Dataset content:
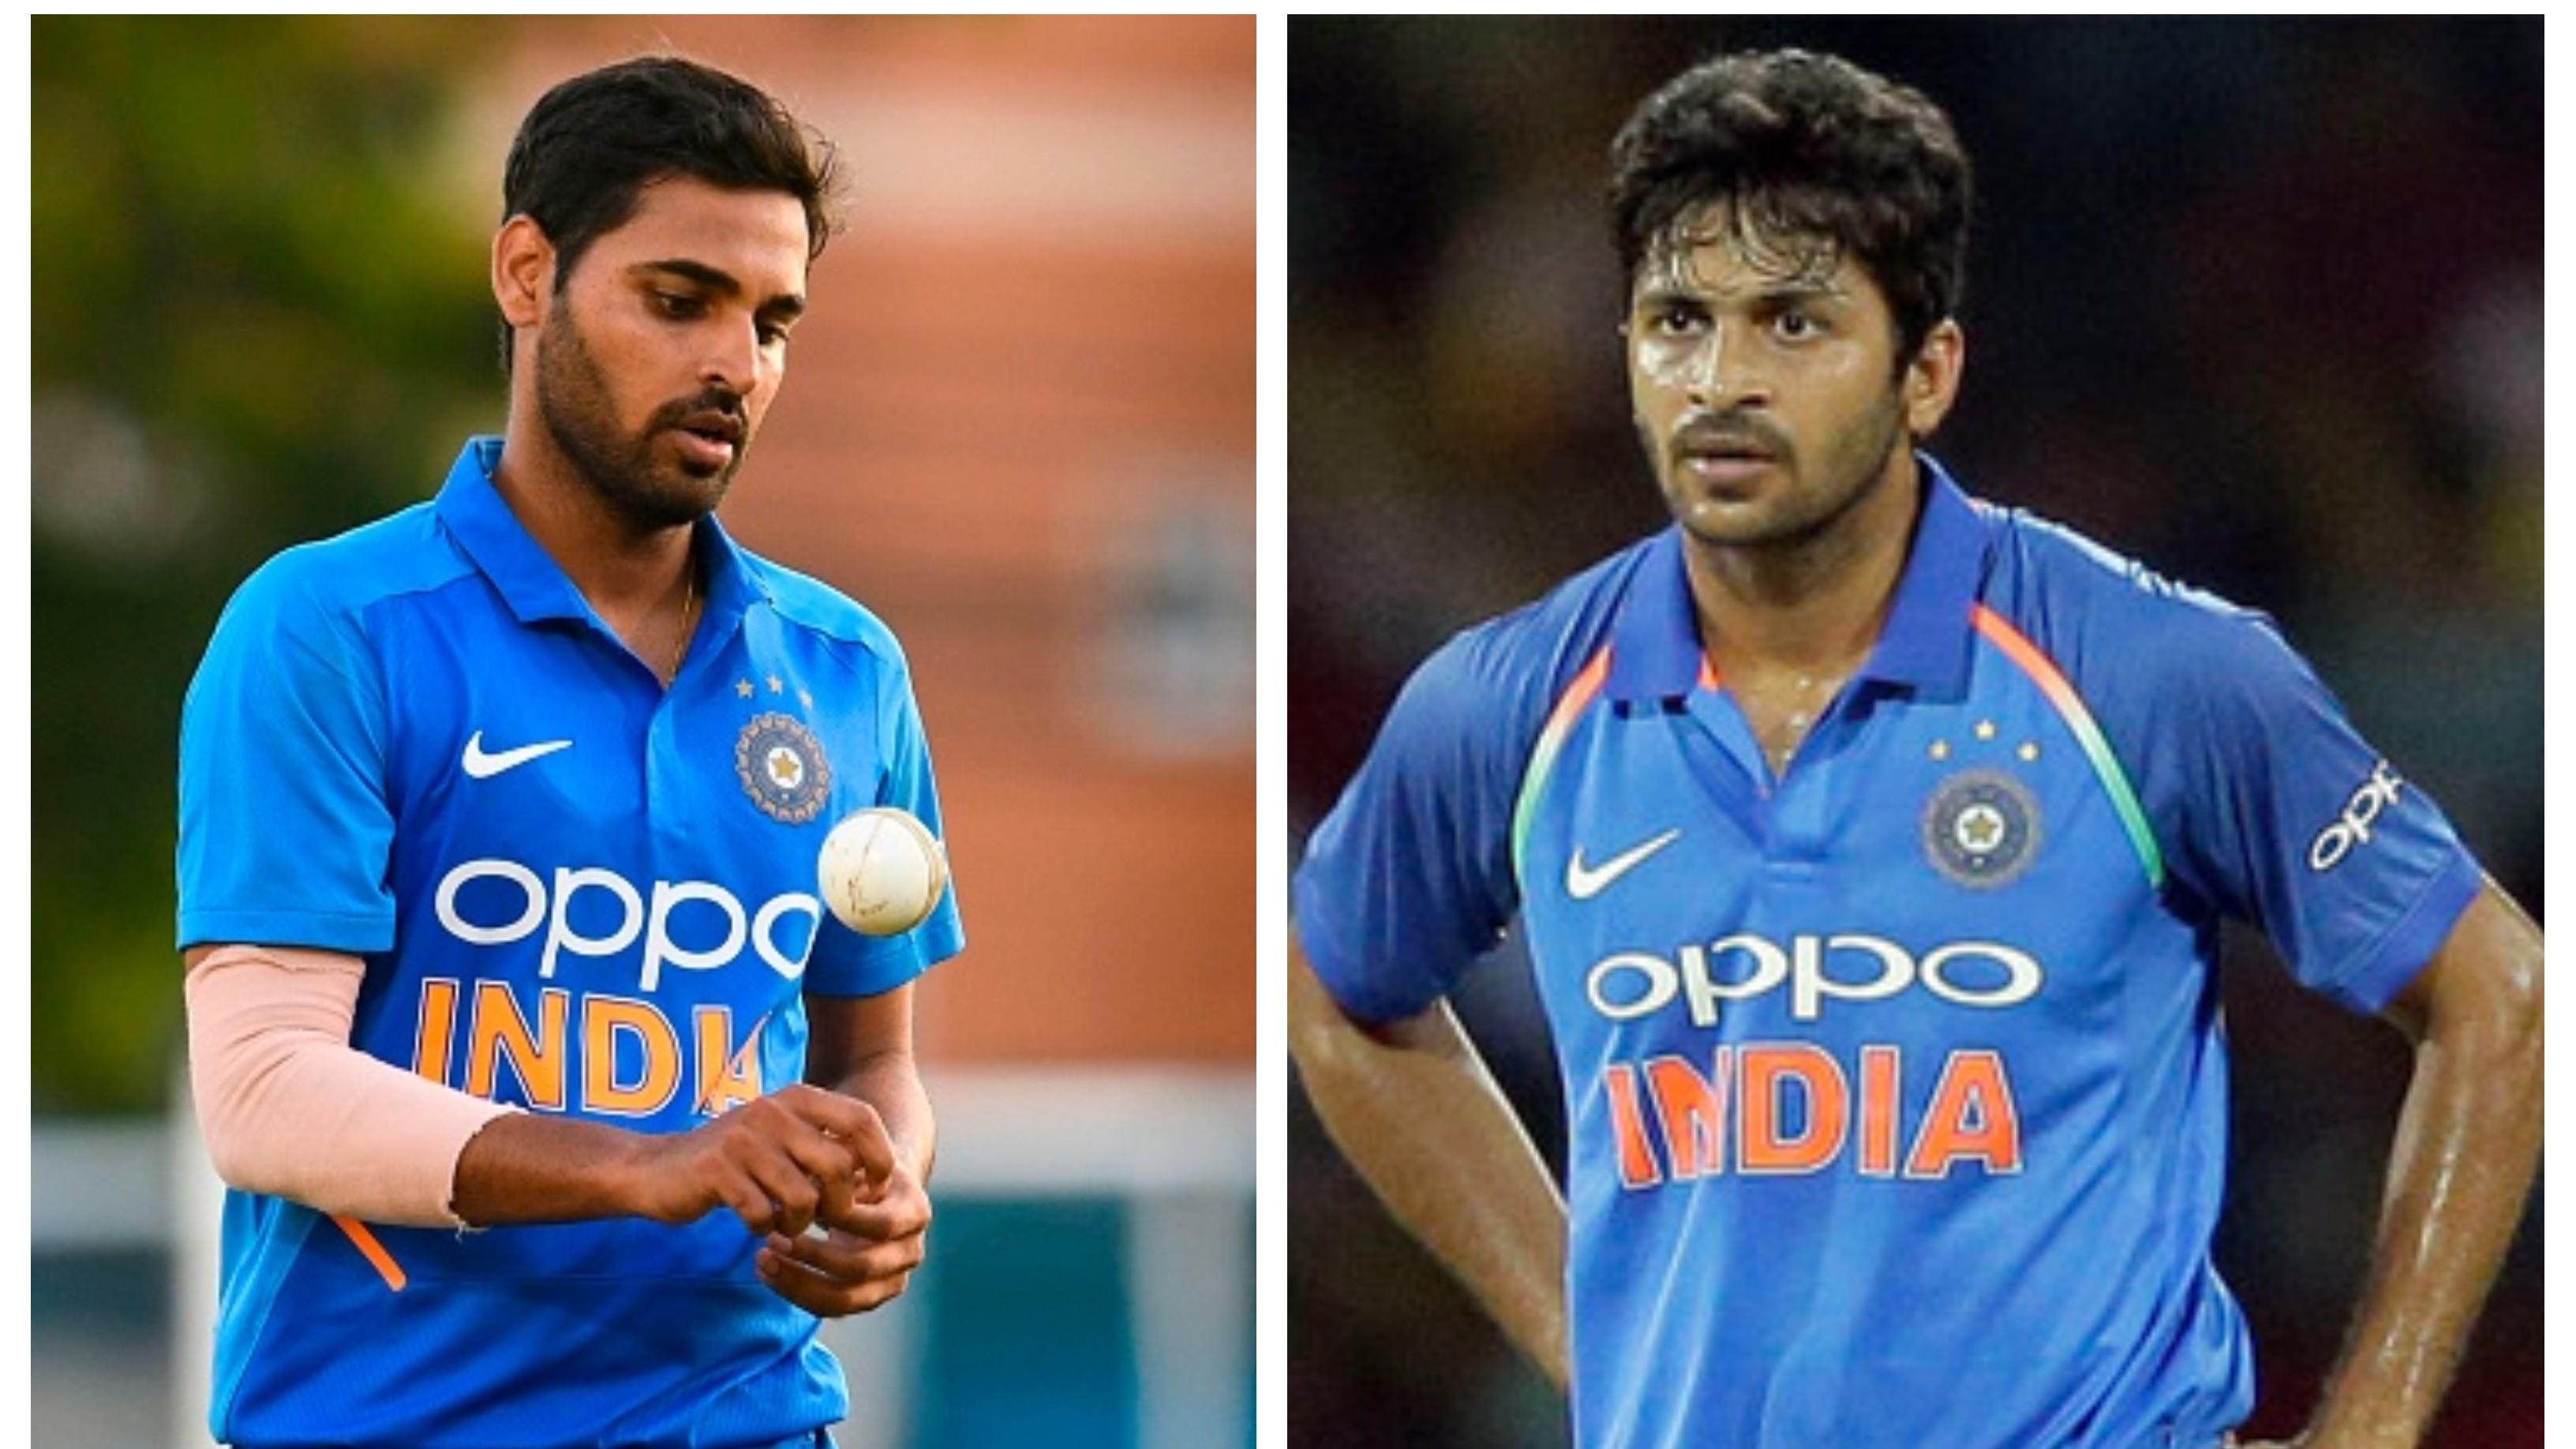 IND v WI 2019: Shardul Thakur replaces injured Bhuvneshwar Kumar for ODI series
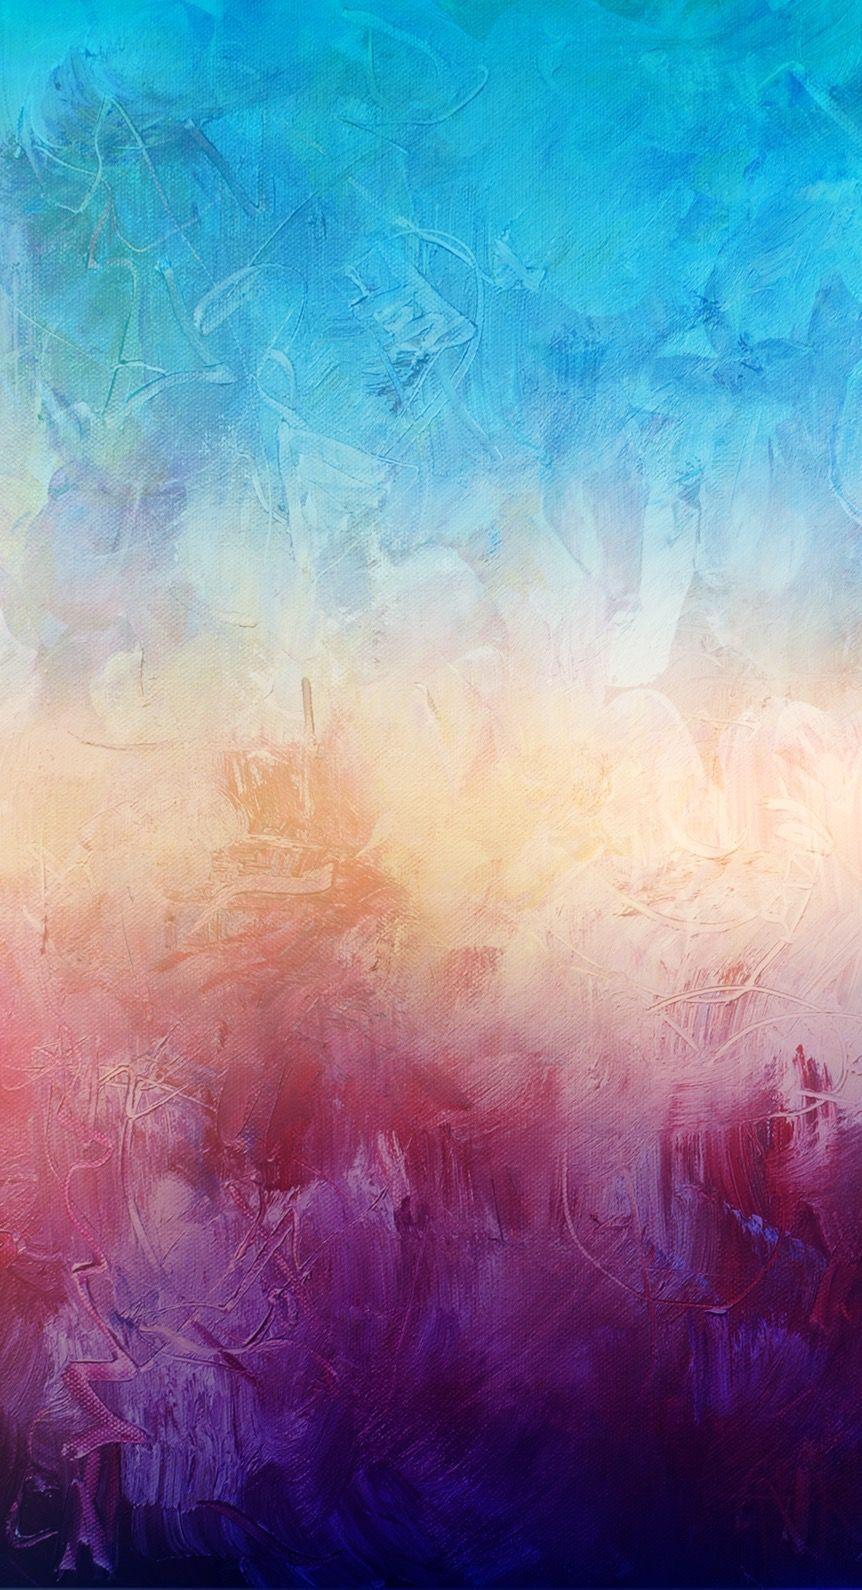 tumblr wallpapers top free
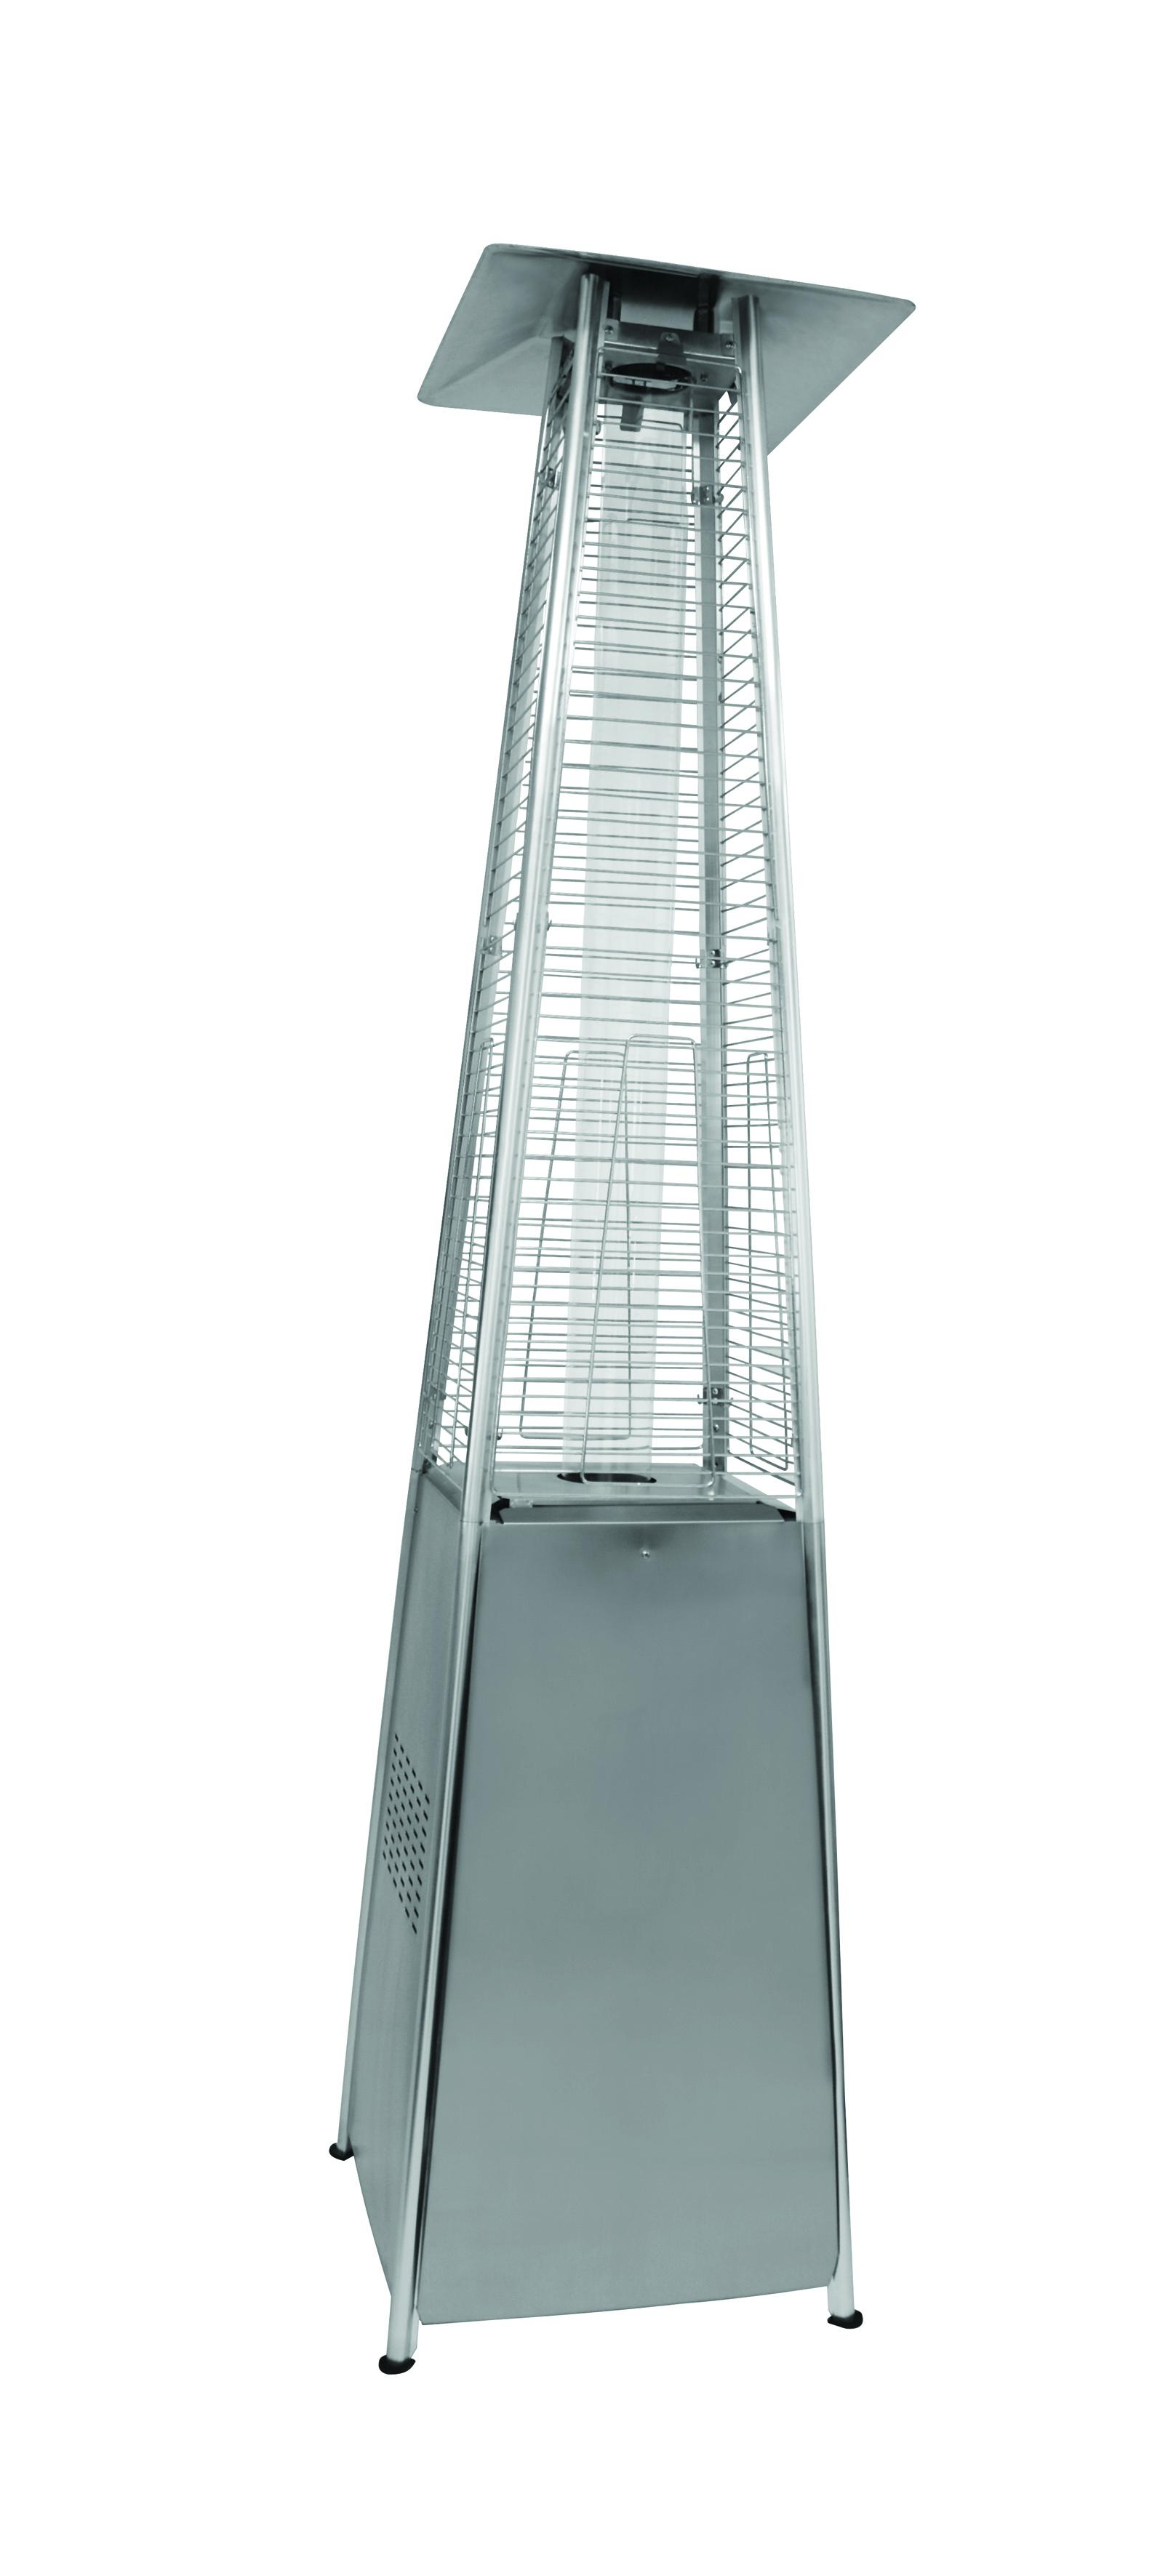 gallery designer tube alva heaters images patio heater glass

Instructions for the task: Leaving out the pictures, output each line above exactly as it is.

Response area:
 IND v WI 2019: Shardul Thakur replaces injured Bhuvneshwar Kumar for ODI series
 tumblr wallpapers top free
 gallery designer tube alva heaters images patio heater glass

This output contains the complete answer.